The formatting is a mess, but you get the idea. Only certain combinations of stage + access are allowed by the spec, by enumerating them it made it far more clear which to pick. I then can directly convert these to the associated stage + access masks without any loss in expressiveness/performance (or at least there shouldn't be if I understand things correctly).

JoeJ

4,412

July 14, 2017 05:10 PM

Copy that - it's good to compare your own guessing against the guessing of others

(I spot you don't cover the case of a compute shader writing indirect dispacth count.)

I wonder if Events could help here: http://vulkan-spec-chunked.ahcox.com/ch06s03.html

I have not used them yet.

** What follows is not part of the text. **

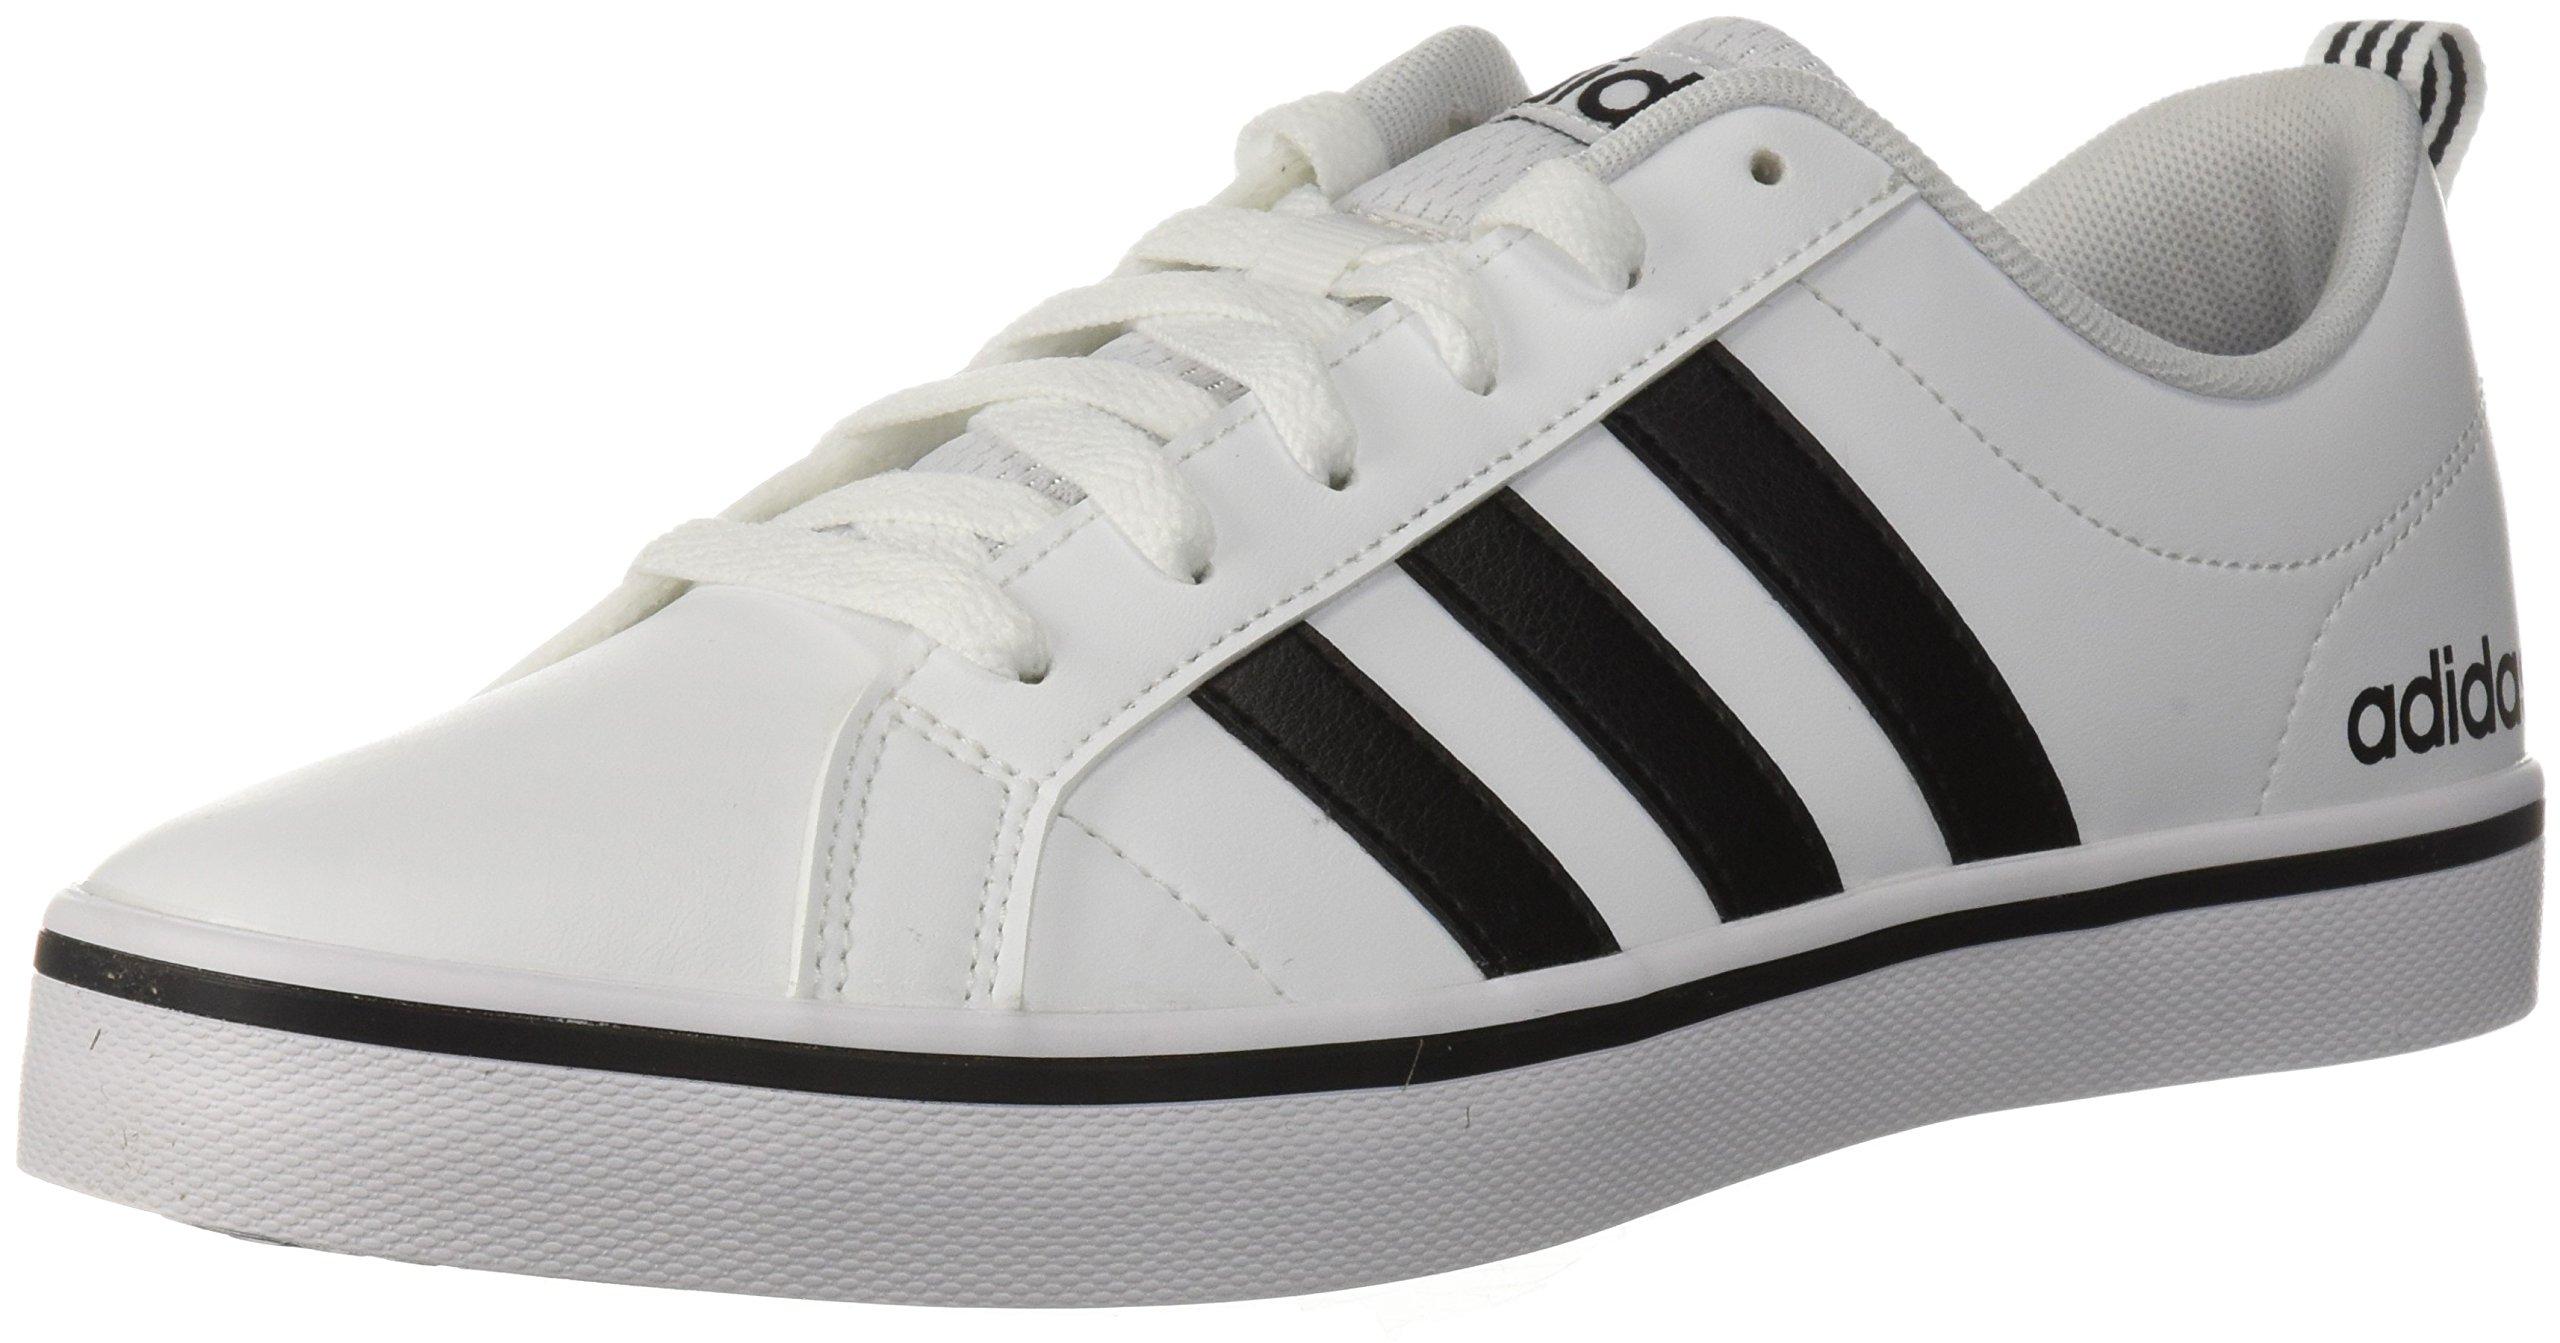 7d4ca1bbe00 Galleon - Adidas Men s Vs Pace Sneaker

Could i do something like triggereing a memory barrier, processing some other work, waiting on the barrier with a high chance it has been done already?

I really need Vulkan for dummies that tells me some usecases of such things...

Ryan_001

3,477

July 14, 2017 05:34 PM

5 minutes ago, JoeJ said:
(I spot you don't cover the case of a compute shader writing indirect dispacth count.)

I'm not sure exactly what you mean. The flags are pretty much taken verbatim from Table 4 of the spec: https://www.khronos.org/registry/vulkan/specs/1.0/html/vkspec.html#VkPipelineStageFlagBits (scroll down a screen or two).

I haven't played around with indirect stuff yet. I'm assuming you write to a buffer the commands (either through memmap/staging buffer/copy or through a compute shader or similar), then use that buffer as the source for the indirect command correct? If I was transferring from the host then I'd use host_write or transfer_write as my source flags (depending on whether or not I used a staging buffer), and then I'd use indirect_read as my dest flags. If I were computing the buffer on the fly would you not use shader_compute_write as src, and indirect_read as dest?